• [YOUR ASSIGNMENT] Images aside, the whole listing should be written out word for word.
::: SOURCE MATERIAL
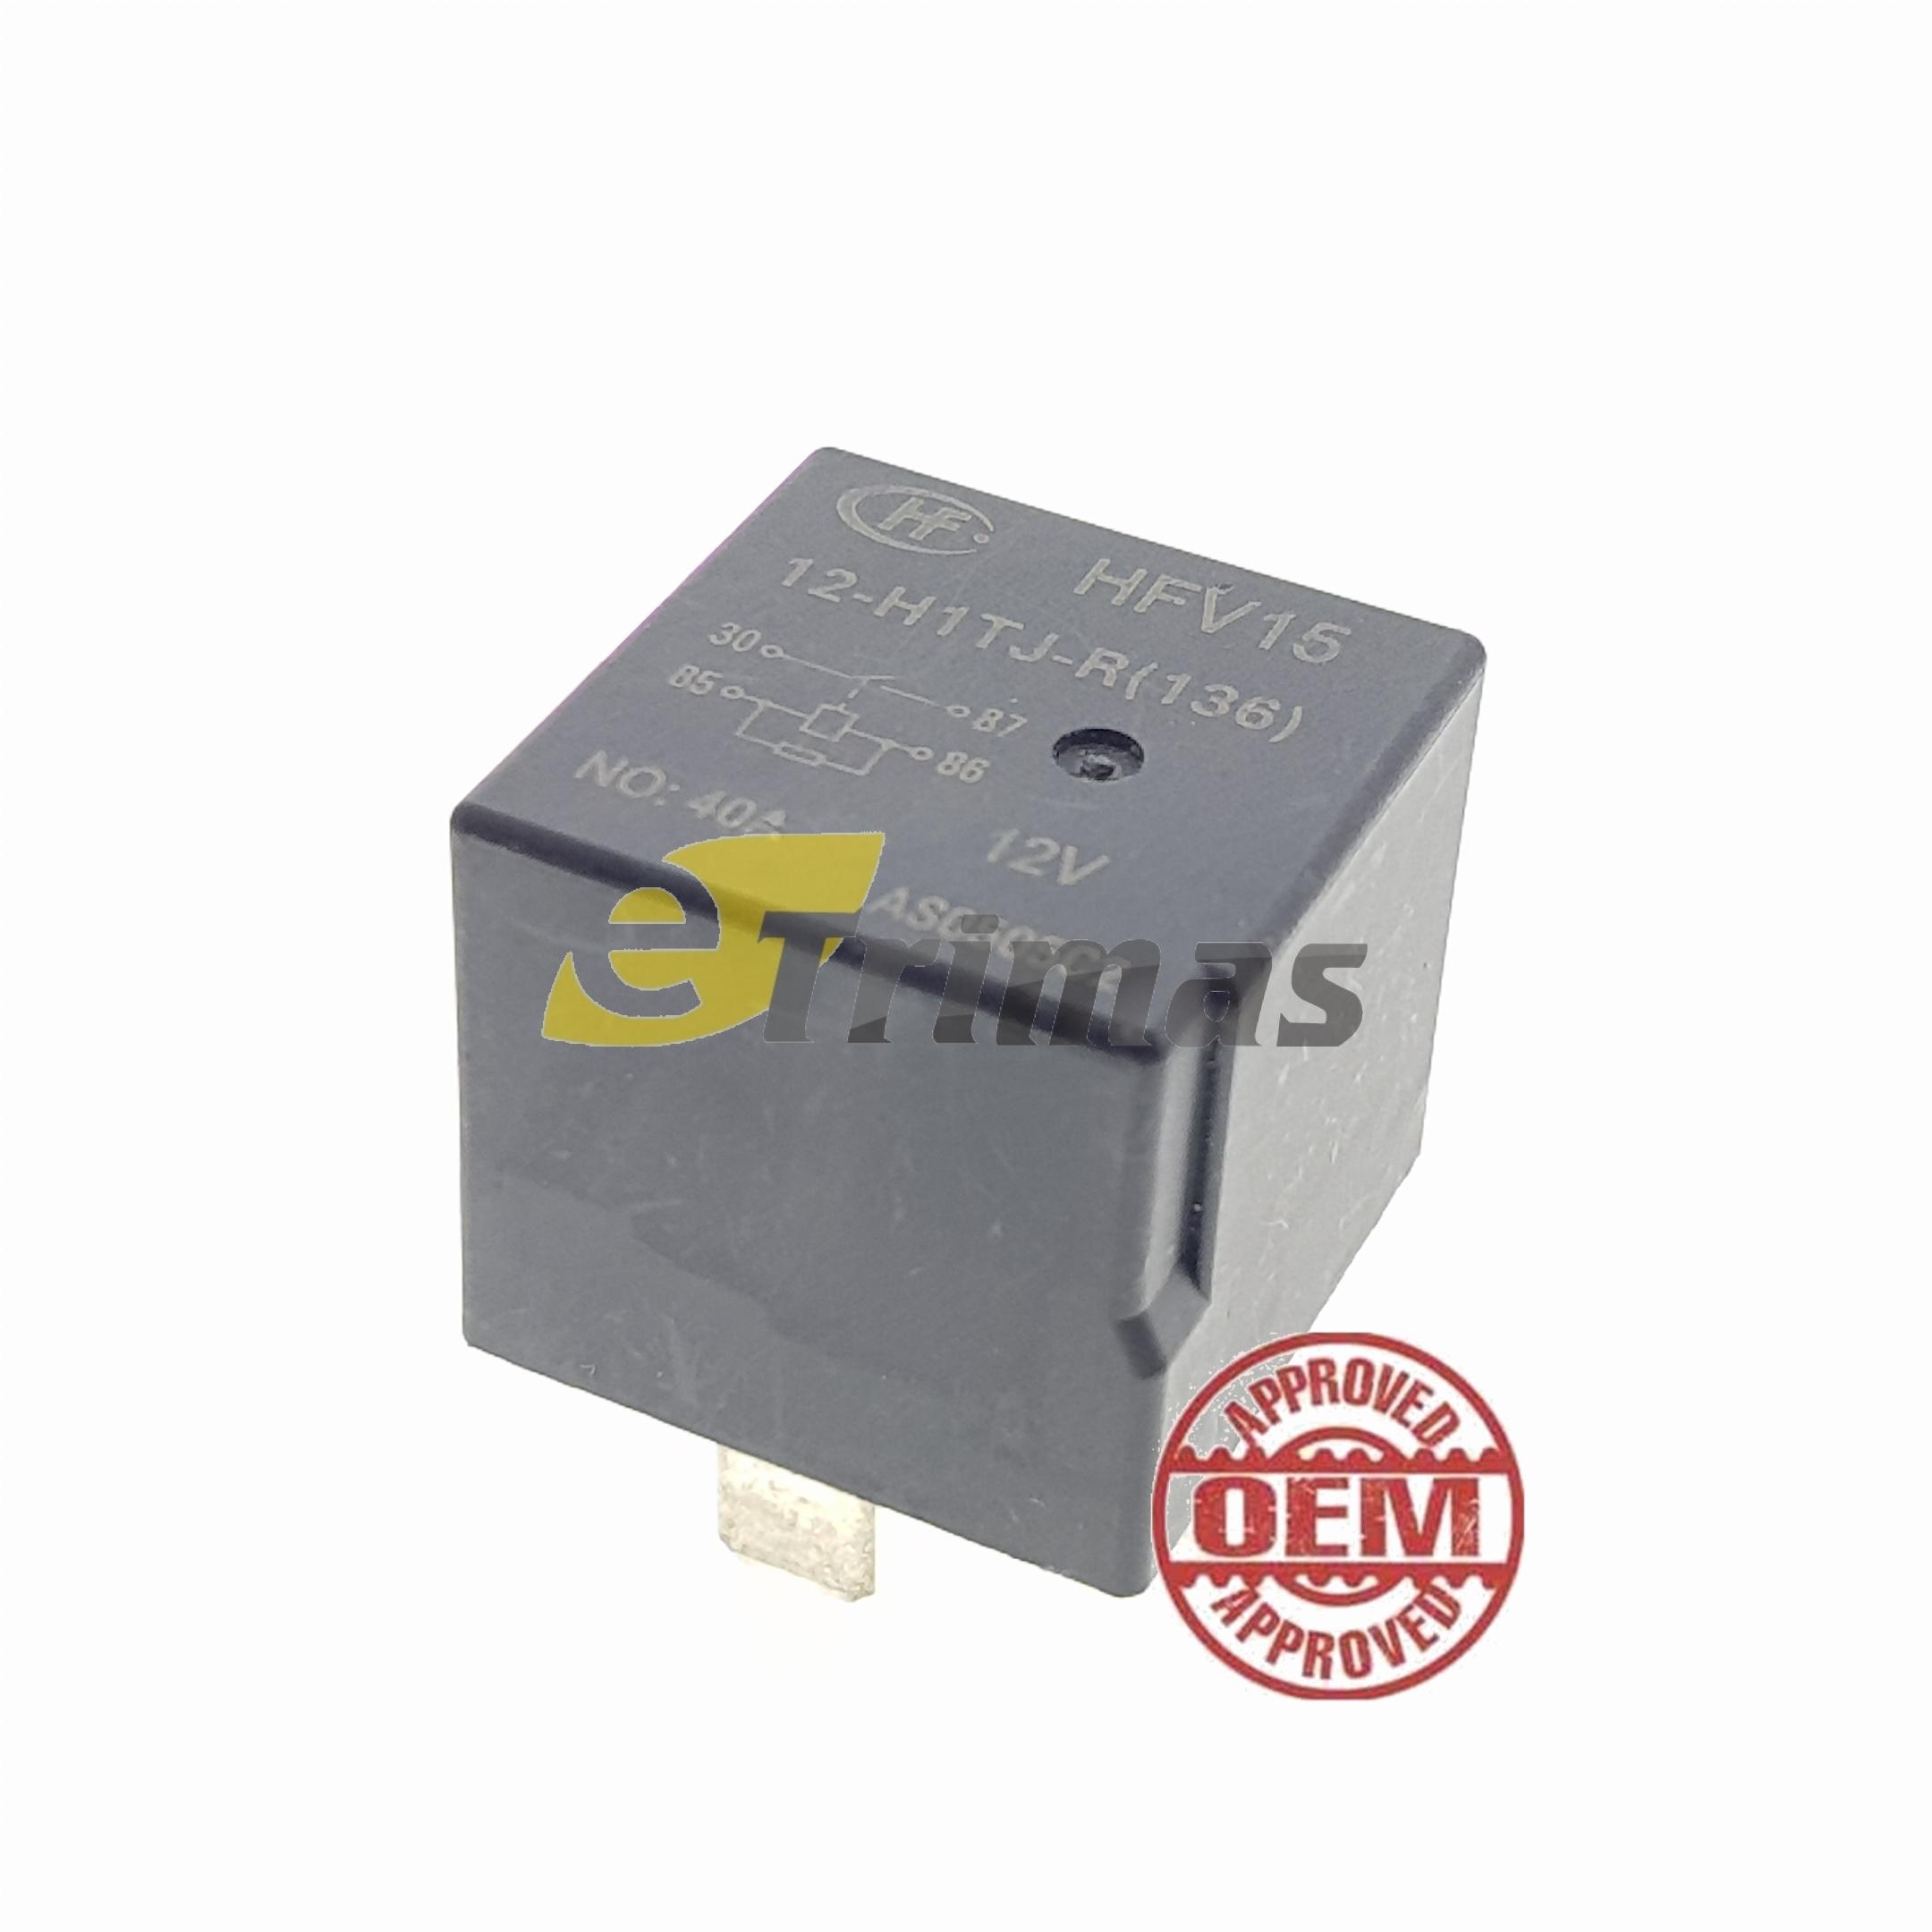 Proton Preve Suprima K1 K2 4pin 896 End 1 30 2021 1200 Am Relay 4 Pin Automotive Wire Harness 896e 1ah D R1
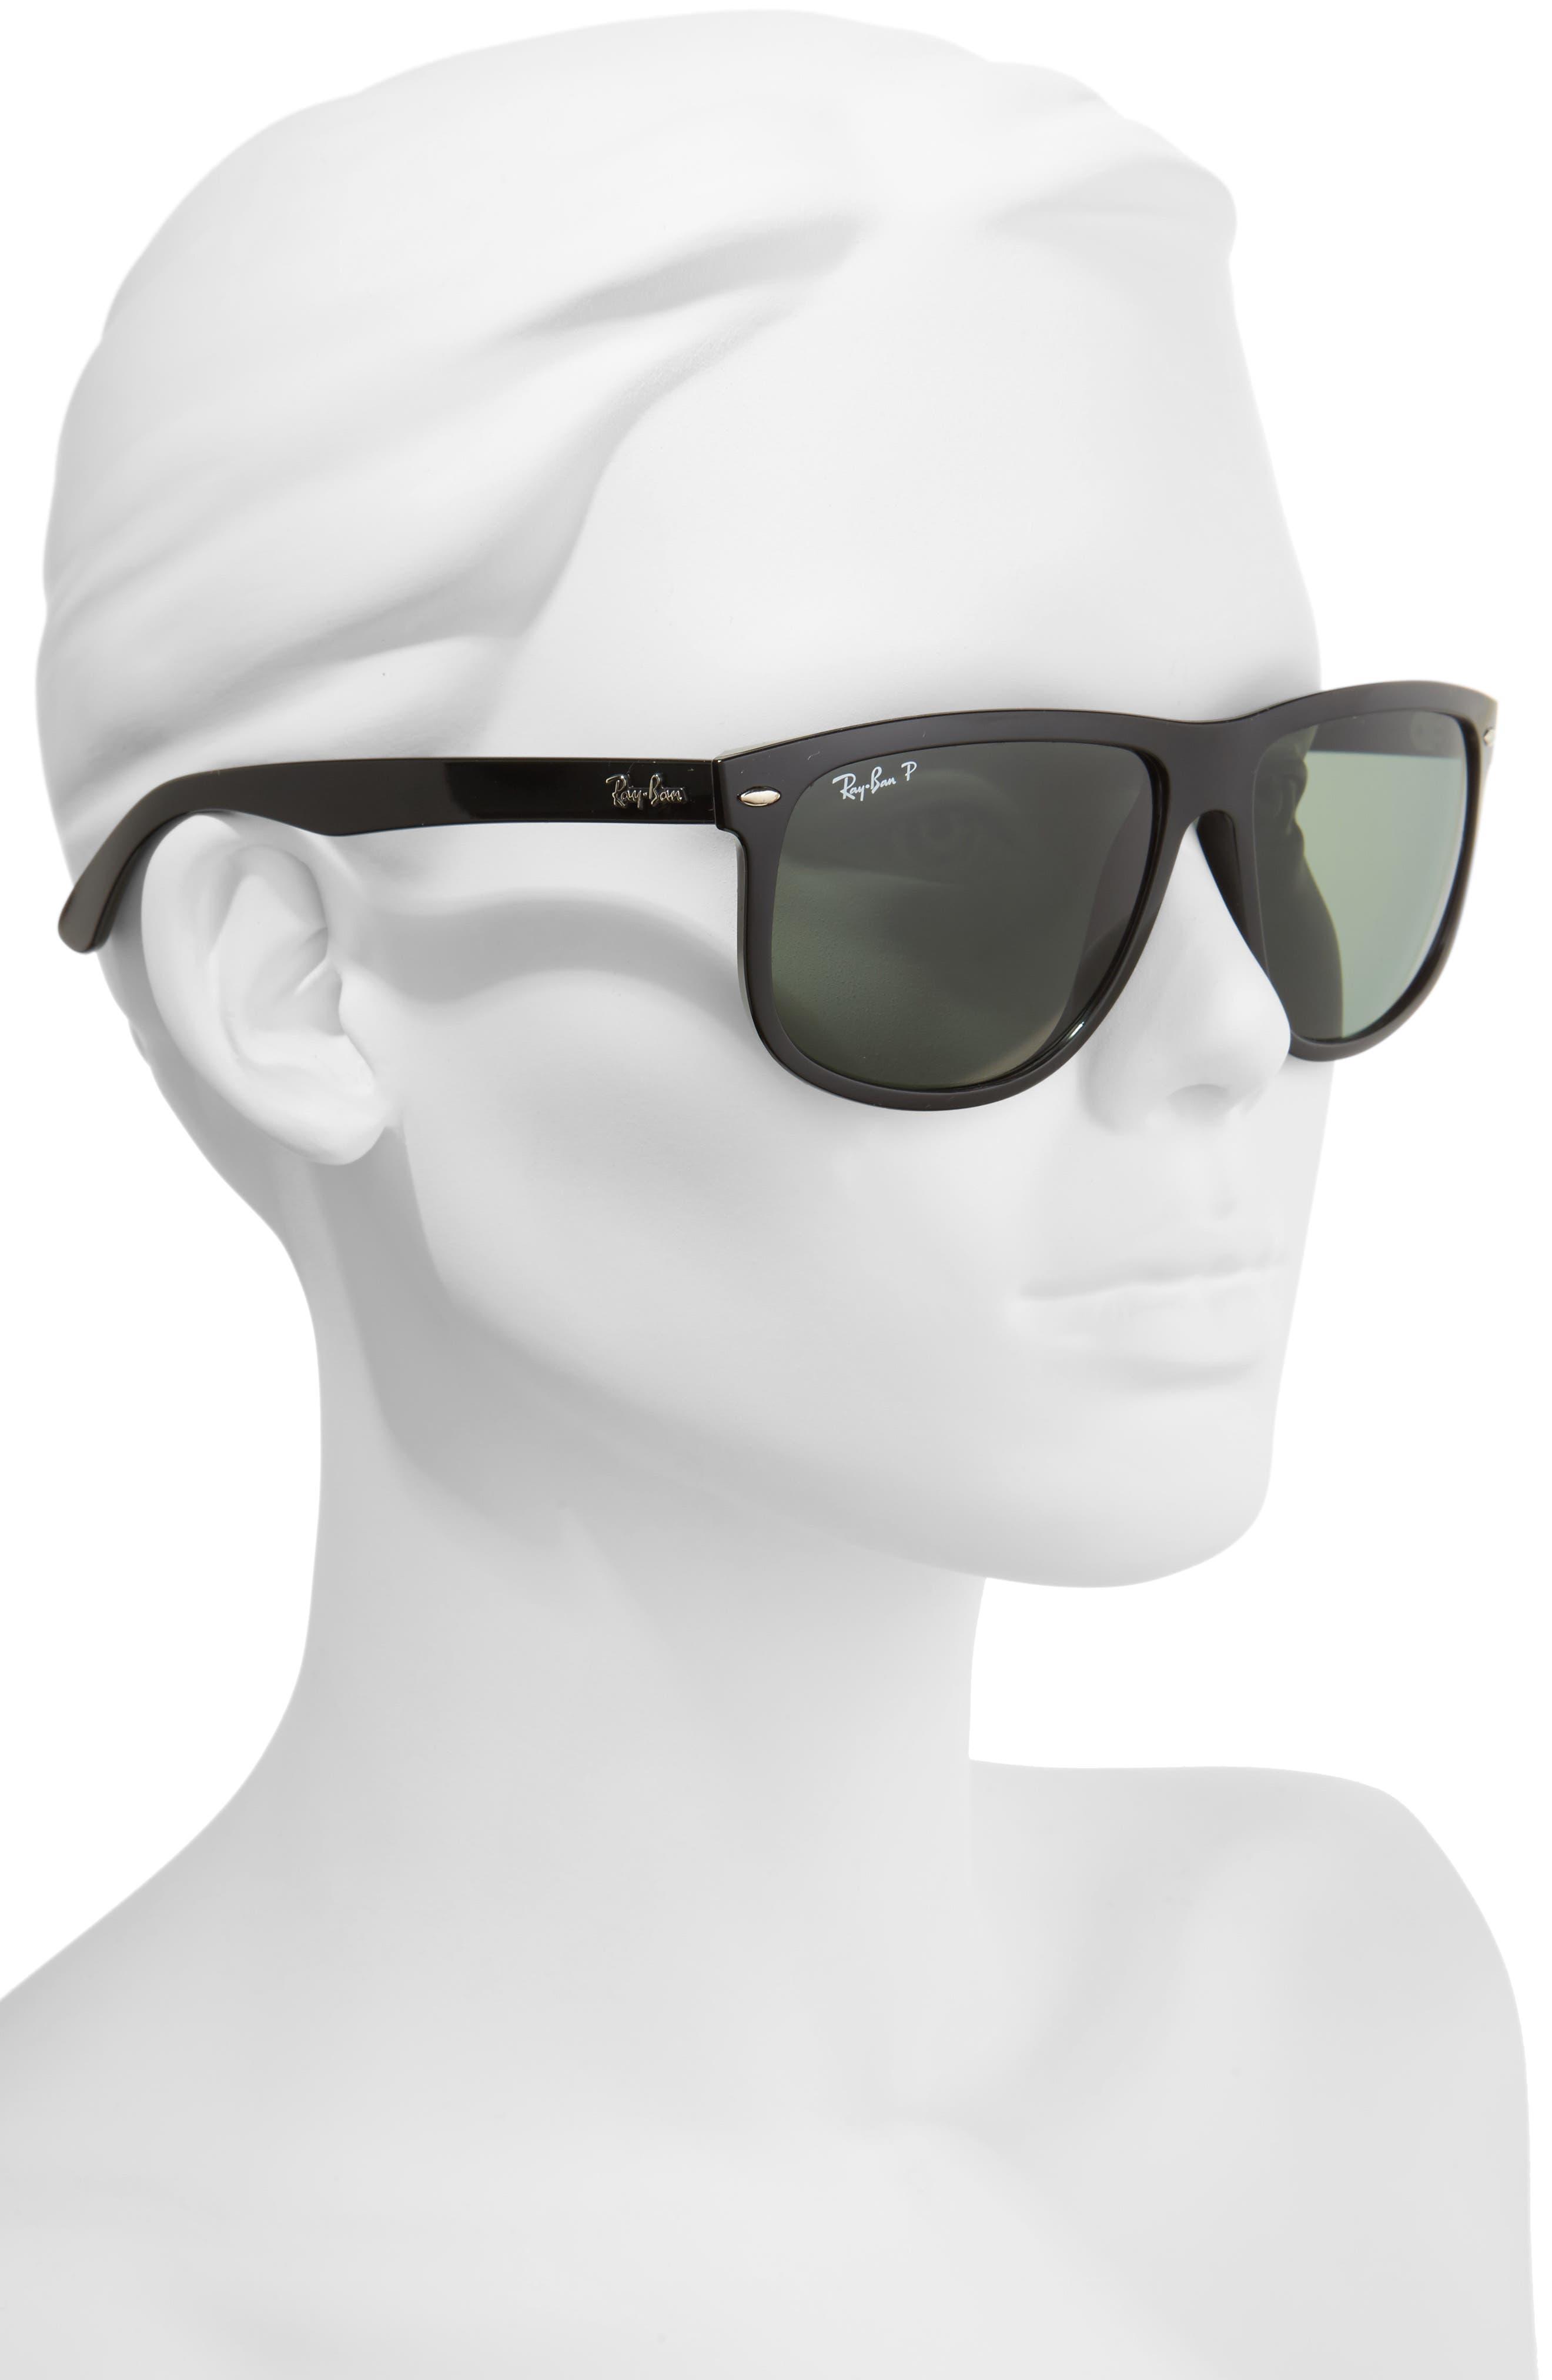 Highstreet 60mm Polarized Flat Top Sunglasses,                             Alternate thumbnail 3, color,                             BLACK POLARIZED
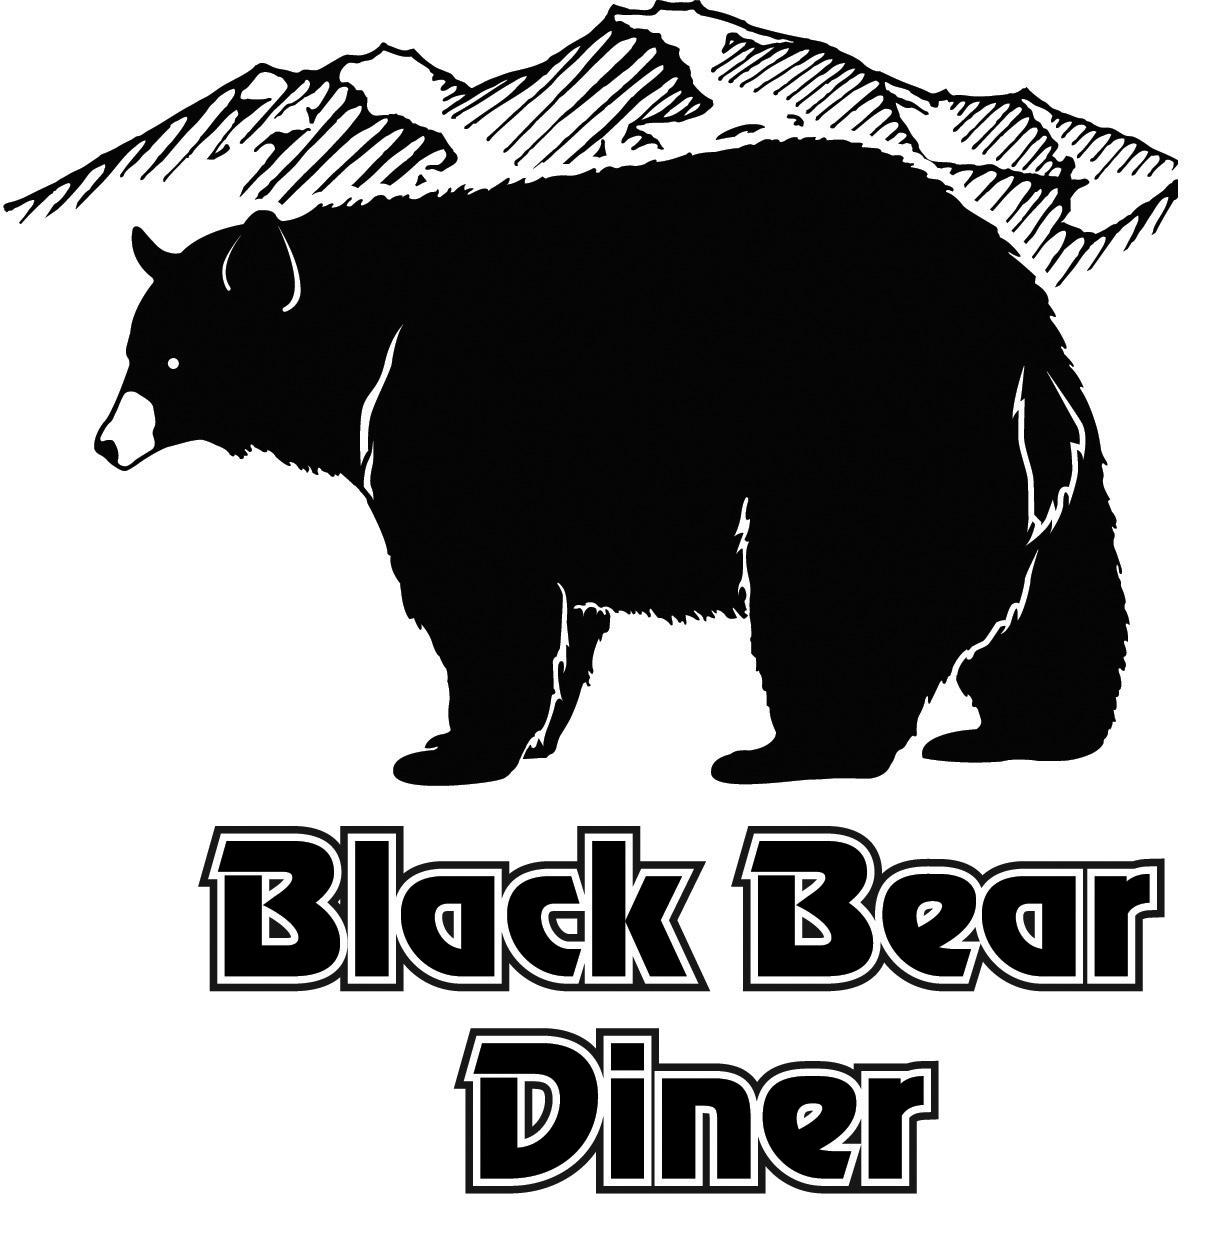 Black Bear Diner Announces Hiring Of Teresa Donich As Vice
::::::
• [RESPONSE AREA]
 Proton Preve Suprima K1 K2 4pin 896 End 1 30 2021 1200 Am Relay 4 Pin Automotive Wire Harness 896e 1ah D R1
 Highstreet 60mm Polarized Flat Top Sunglasses,                             Alternate thumbnail 3, color,                             BLACK POLARIZED
 Black Bear Diner Announces Hiring Of Teresa Donich As Vice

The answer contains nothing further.